Nihon Sanka Fujinka Gakkai Zasshi. 1989 Oct;41(10):1565-70.
Six patients with recurrent ovarian cancer who had prior chemotherapy were studied for the clinical efficacy of CDDP-ACR treatment. Five out of the 6 had received CDDP a total doses of 1,320, 780, 750, 475, and 340 mg. CDDP-ACR therapy consisted of continuous infusion of CDDP at a daily dose of 10 mg/m2 over 14 days (total CDDP doses; 140 mg/m2) and of intermittent infusion of ACR (aclarubicin) at a dose of 20 mg/body every other day (total ACR doses: 140 mg). There were one CR and five PR and a response rate up to 100% was noted. Toxicity was manifested in slight nausea or vomiting, but there was no nephrotoxicity. However bone marrow was severe. Thrombocytopenia less than 50,000/mcl in 4 pts (67%) and leukopenia less than 1,000 mcl in 3 pts (50%). The mean filterable platinum exposure measured by area under the concentration-time curve (AUC) was as high as 19.7 +/- 6/0 mg.hr/ml. In conclusion the bone marrow toxicity in this regimen was severe, but the therapeutic efficacy was promising. Further studies on the appropriate infusion time and the minimum effective dose of CDDP are needed.

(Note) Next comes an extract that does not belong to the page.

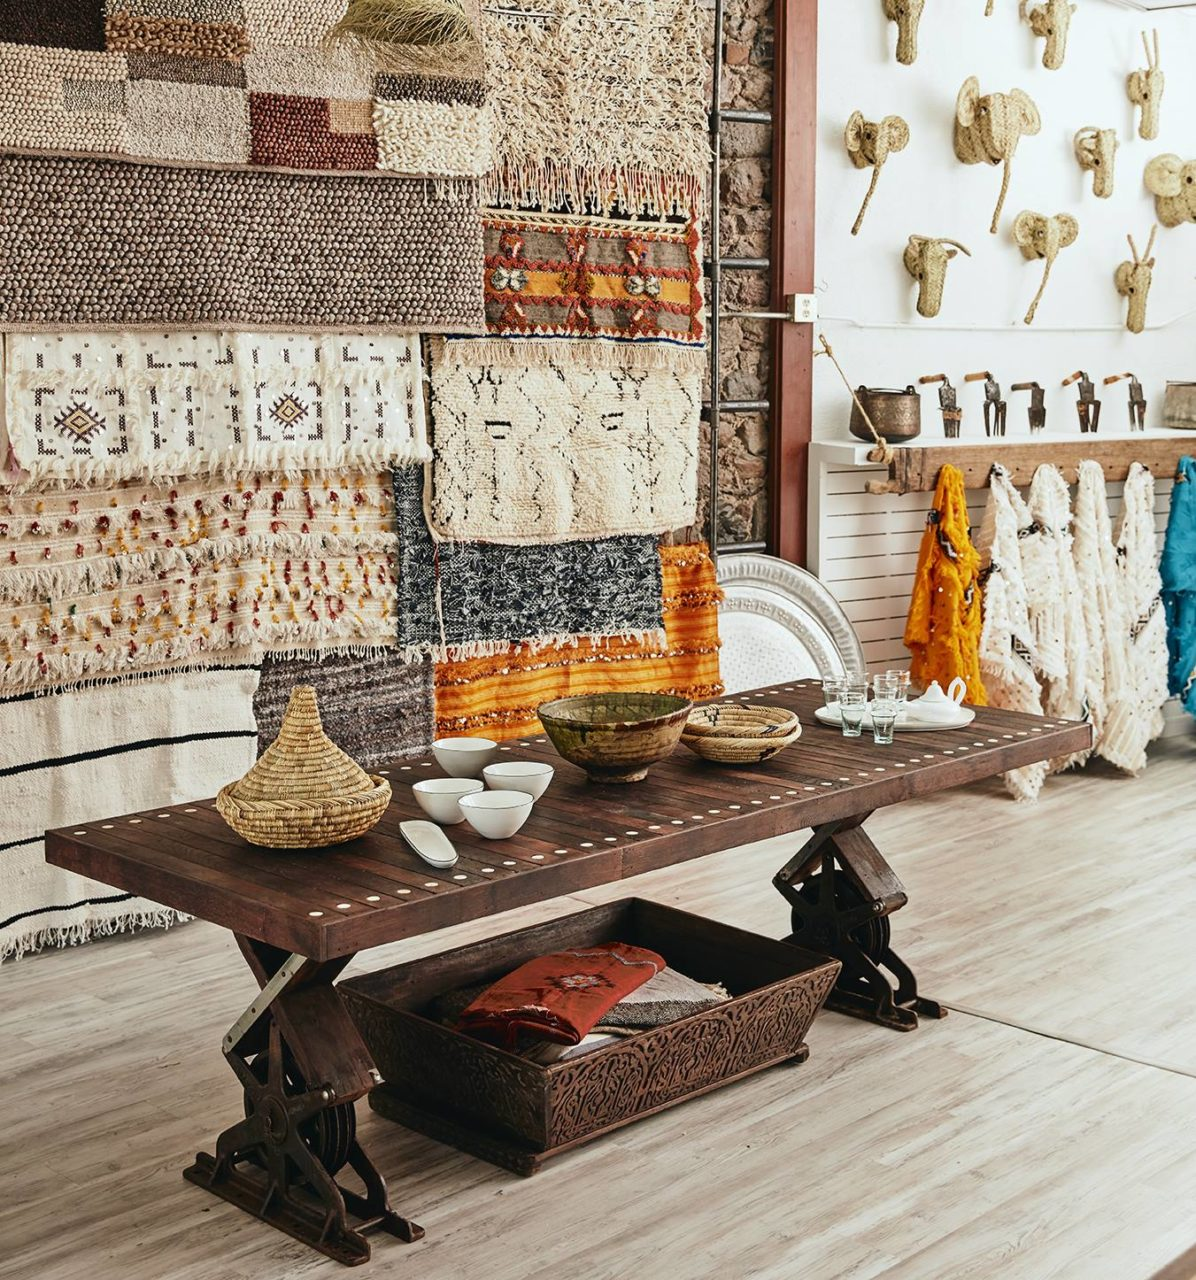 Trend Alert African Decor: Design Trend Alert: Moroccan-Style Furniture And Decor

对6例曾接受过化疗的复发性卵巢癌患者进行了顺铂-阿克拉霉素(CDDP-ACR)治疗的临床疗效研究。6例患者中有5例接受过顺铂治疗,总剂量分别为1320、780、750、475和340毫克。CDDP-ACR治疗包括连续14天每天以10毫克/平方米的剂量输注顺铂(顺铂总剂量;140毫克/平方米),以及每隔一天以20毫克/体的剂量间歇输注阿克拉霉素(阿柔比星)(阿克拉霉素总剂量:140毫克)。有1例完全缓解(CR)和5例部分缓解(PR),观察到缓解率高达100%。毒性表现为轻微恶心或呕吐,但无肾毒性。然而骨髓毒性严重。4例患者(67%)血小板减少至低于50,000/微升,3例患者(50%)白细胞减少至低于1,000/微升。通过浓度-时间曲线下面积(AUC)测量的可滤过铂平均暴露量高达19.7±6.0毫克·小时/毫升。总之,该方案的骨髓毒性严重,但治疗效果有前景。需要进一步研究顺铂的合适输注时间和最低有效剂量。